▶ Your assignment: Starting at the line that contains "New book reveals" and stopping after the line that contains "CAYMAN ISLANDS - 1969", transcribe the listing below exactly; do not include any pictures.

-------- Exercise input --------

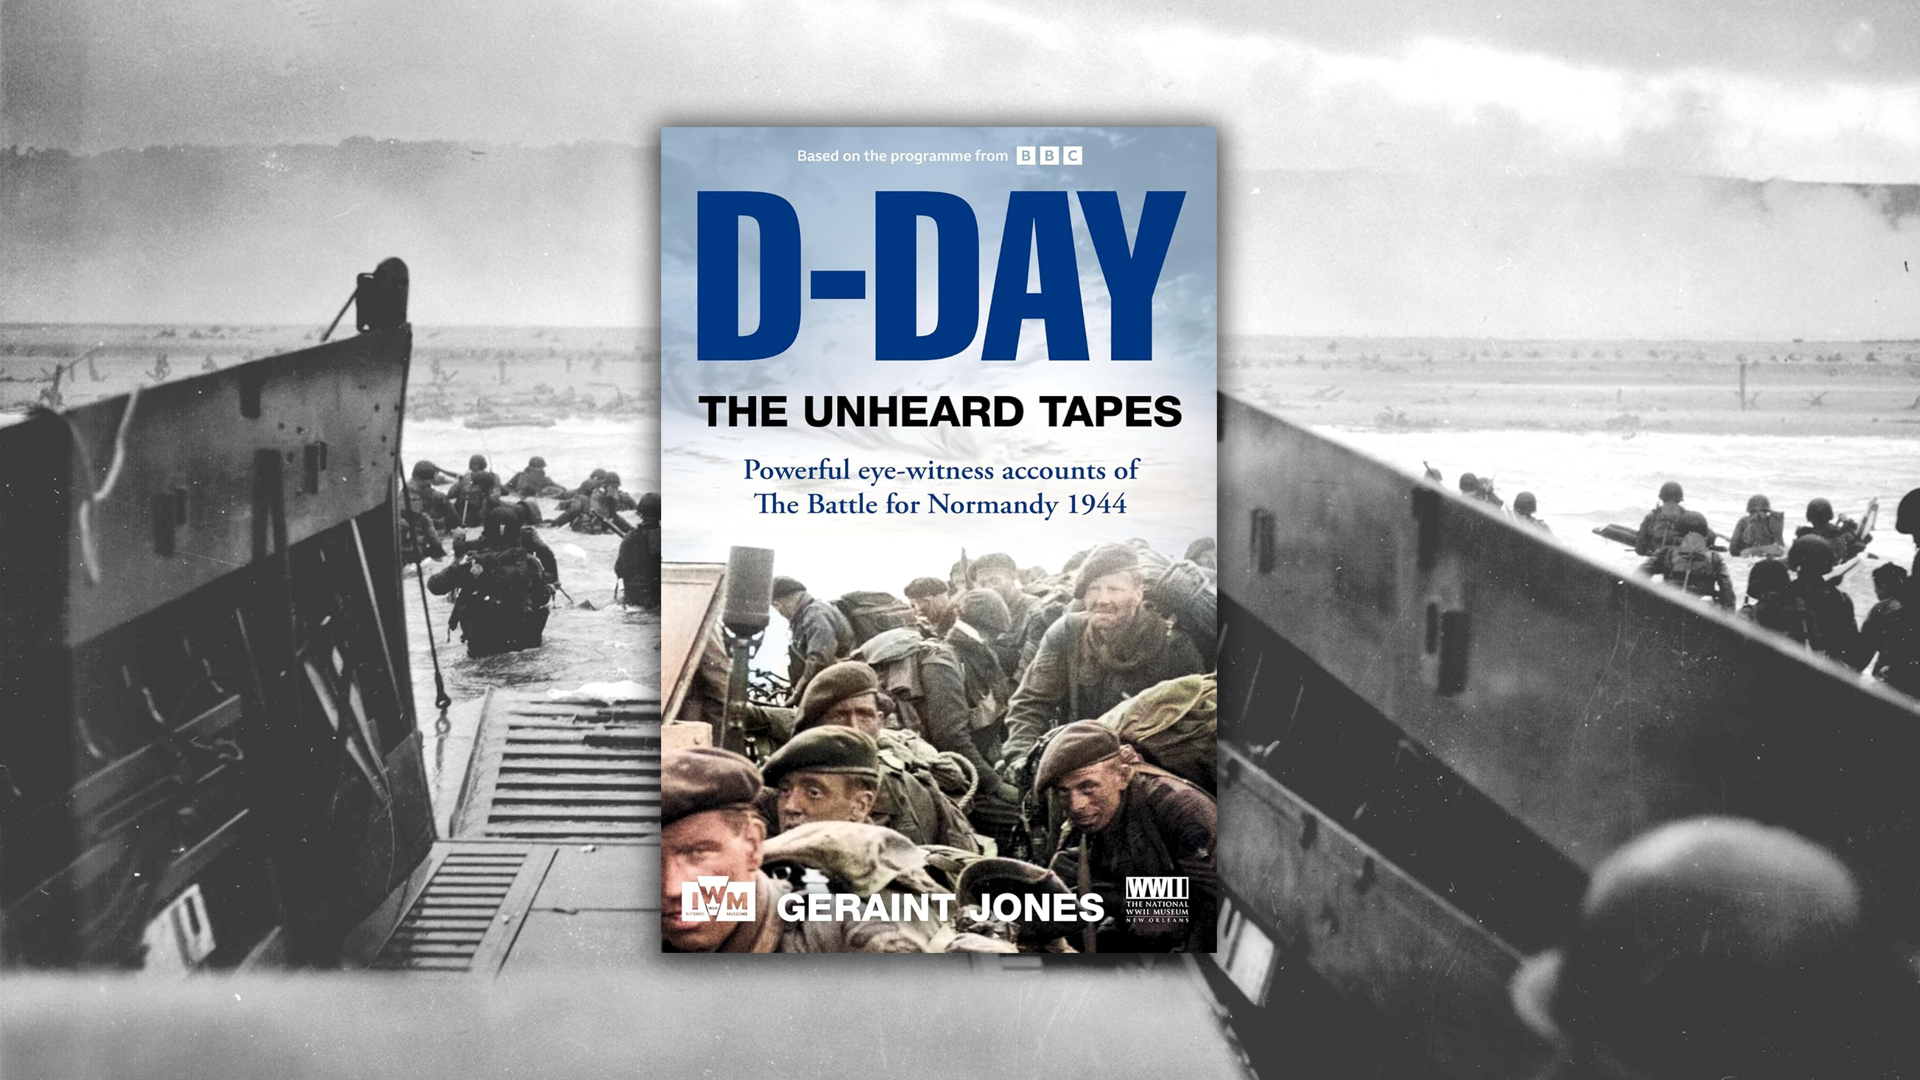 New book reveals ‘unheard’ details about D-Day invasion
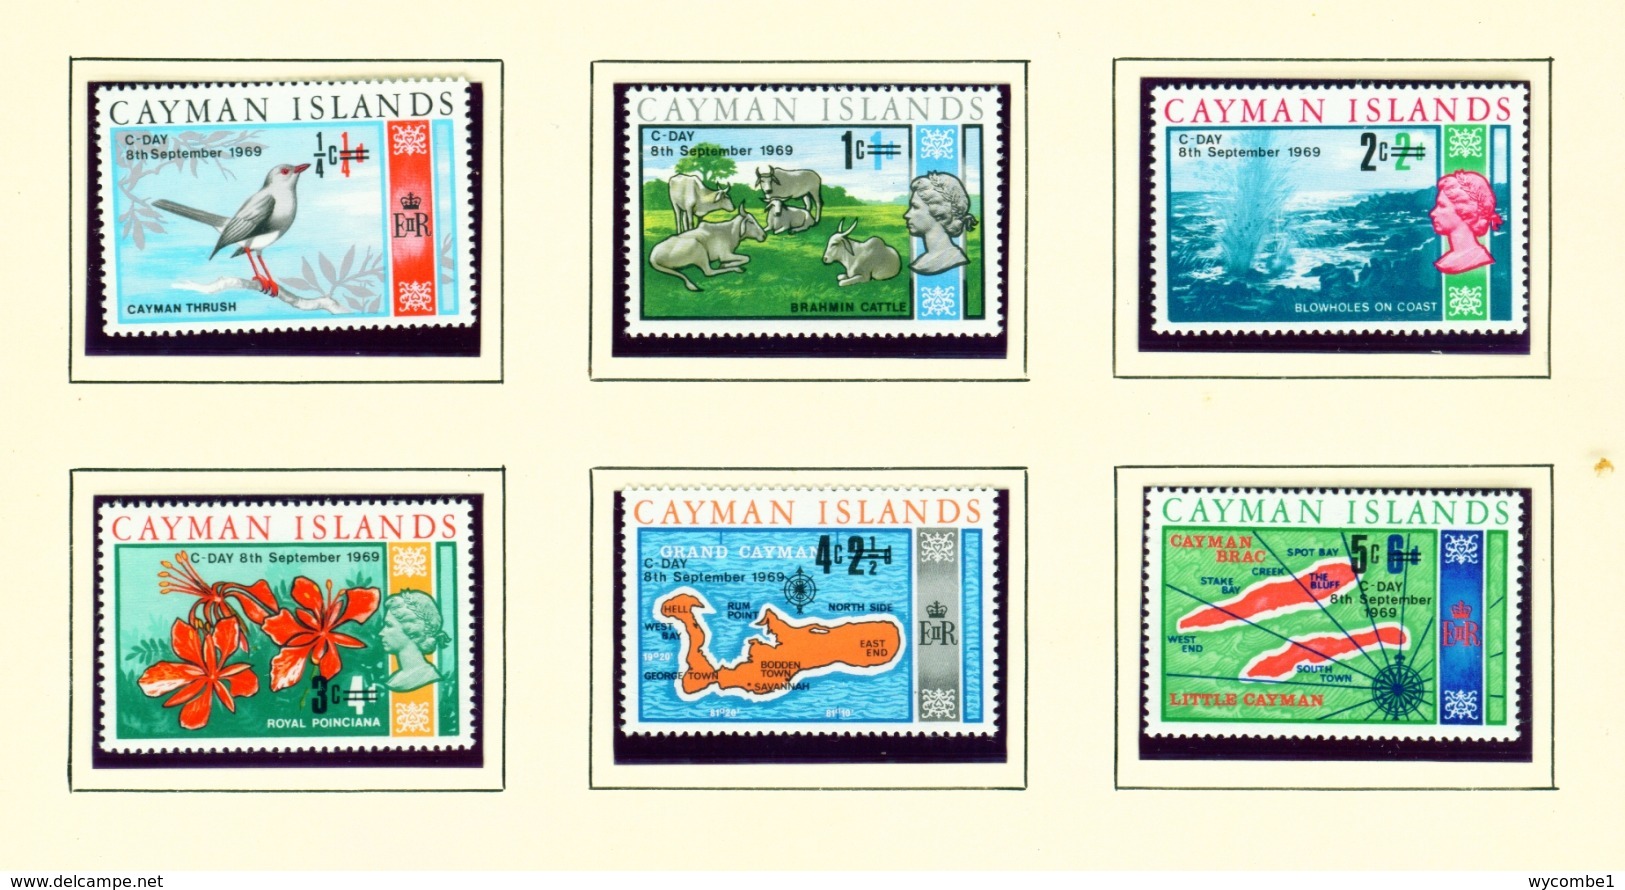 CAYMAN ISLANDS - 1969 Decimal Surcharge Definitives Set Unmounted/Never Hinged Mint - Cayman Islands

--------
-------- Exercise input --------

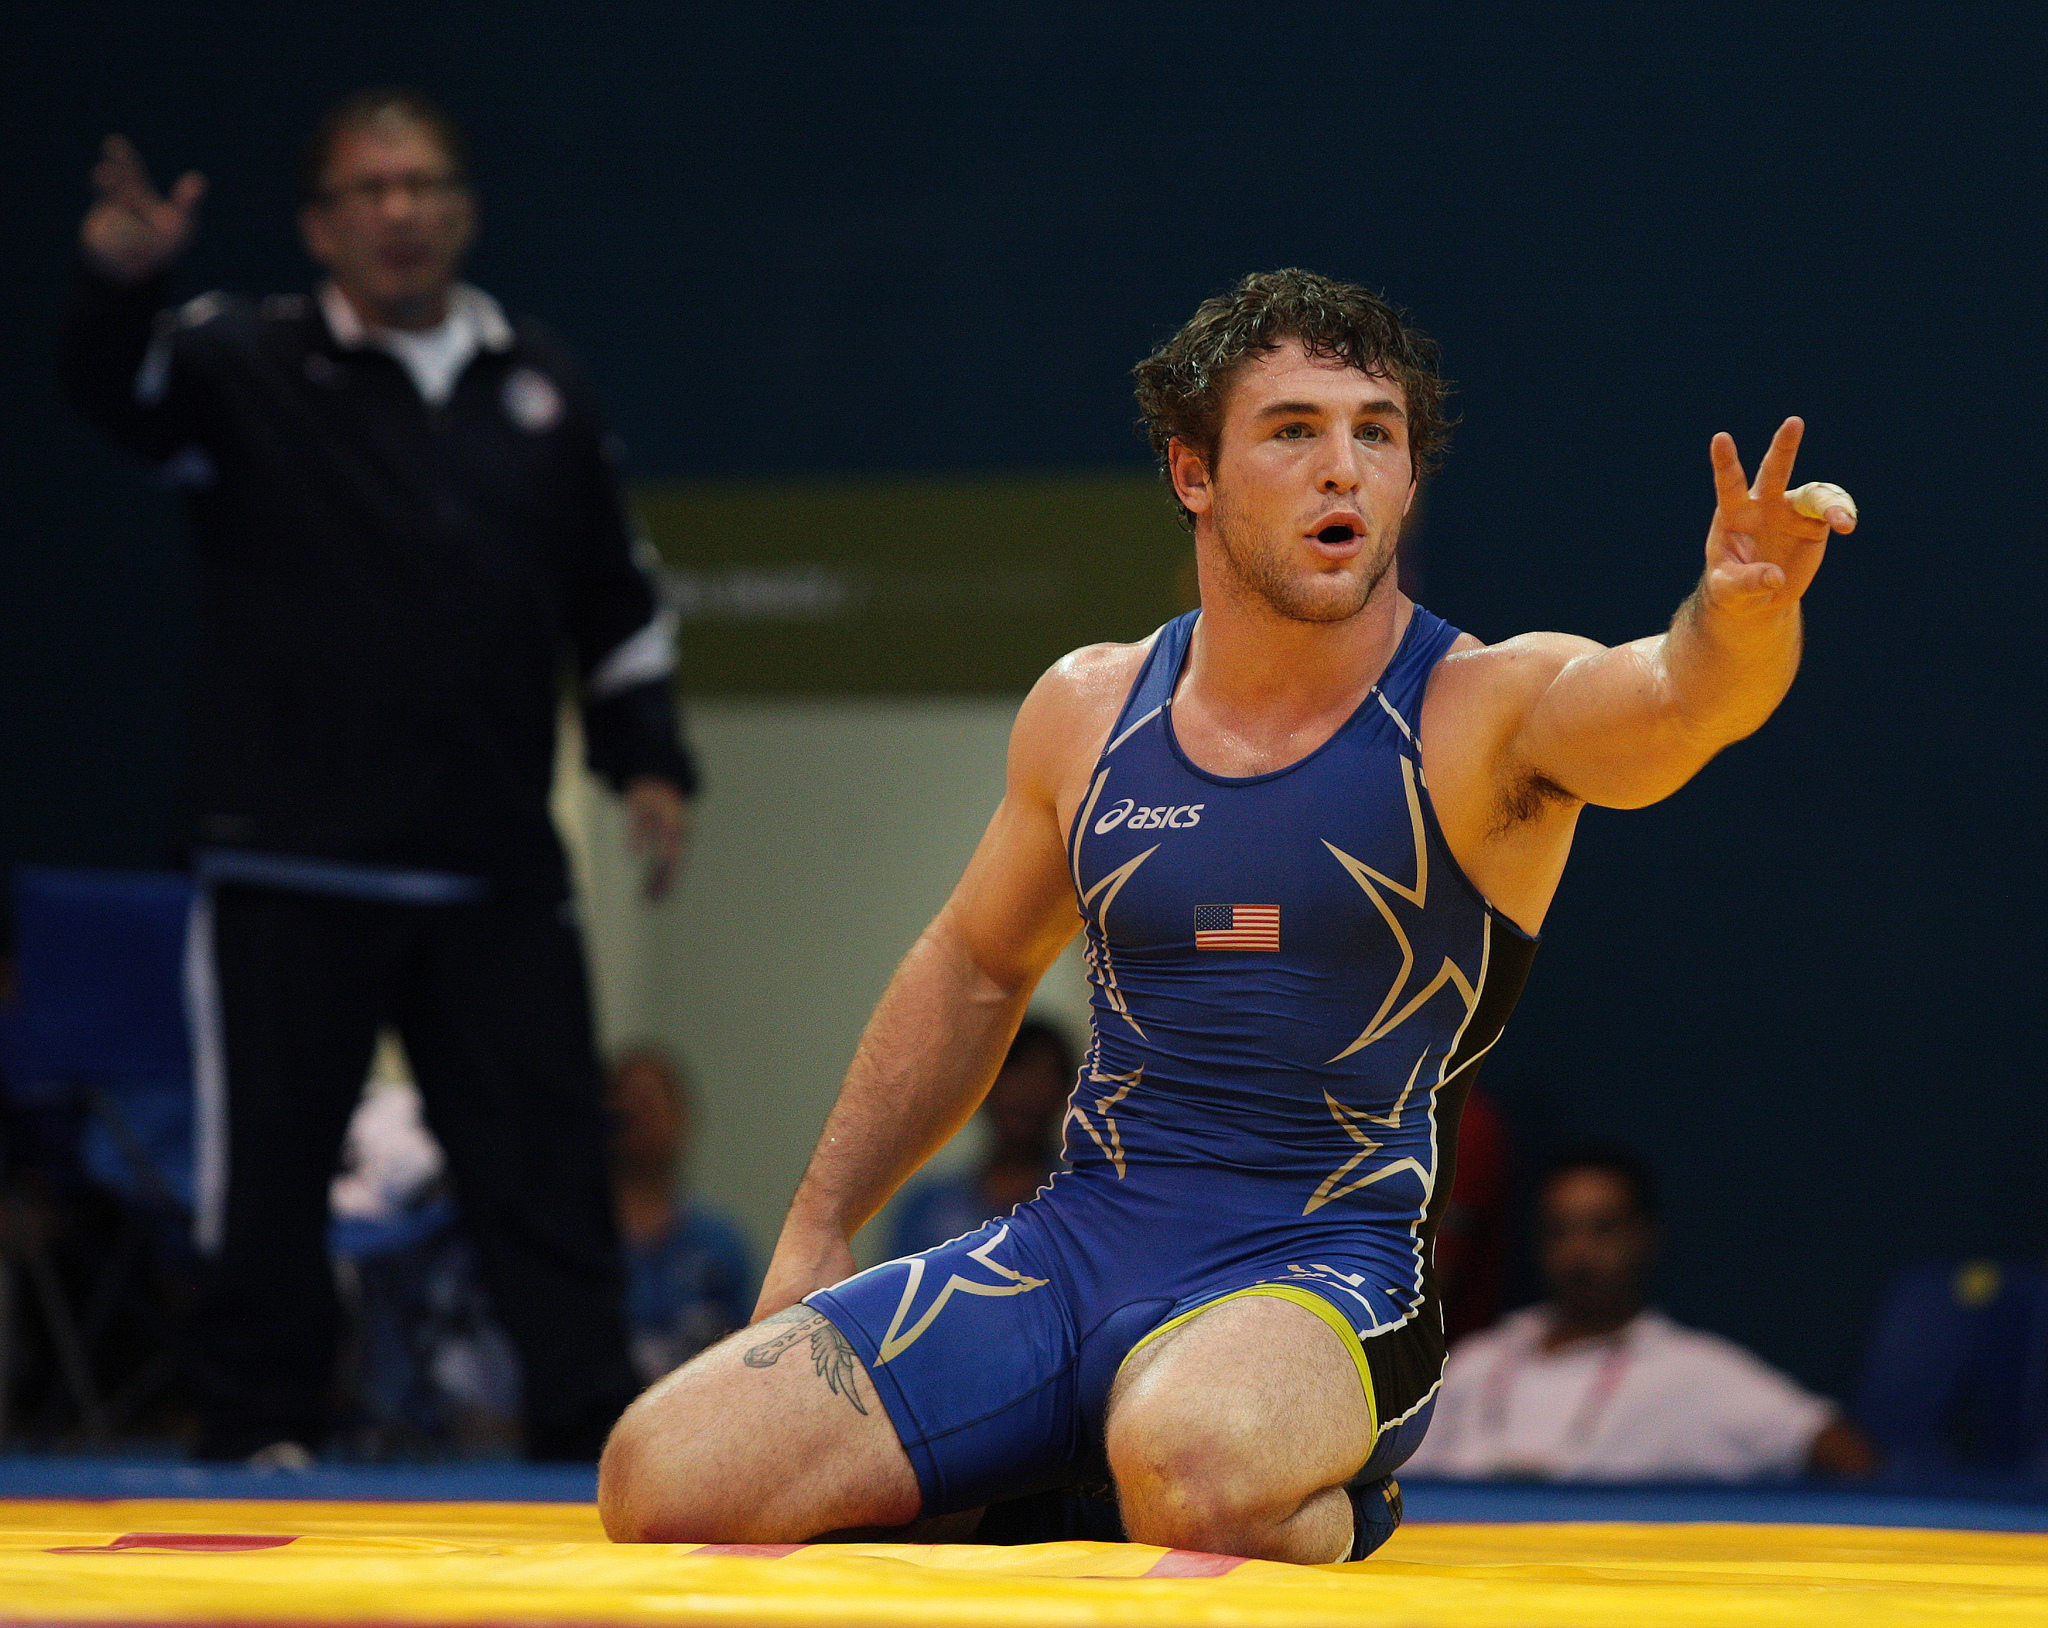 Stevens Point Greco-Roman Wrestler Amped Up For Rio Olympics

--------

▶ The completed task:
 New book reveals ‘unheard’ details about D-Day invasion
 CAYMAN ISLANDS - 1969 Decimal Surcharge Definitives Set Unmounted/Never Hinged Mint - Cayman Islands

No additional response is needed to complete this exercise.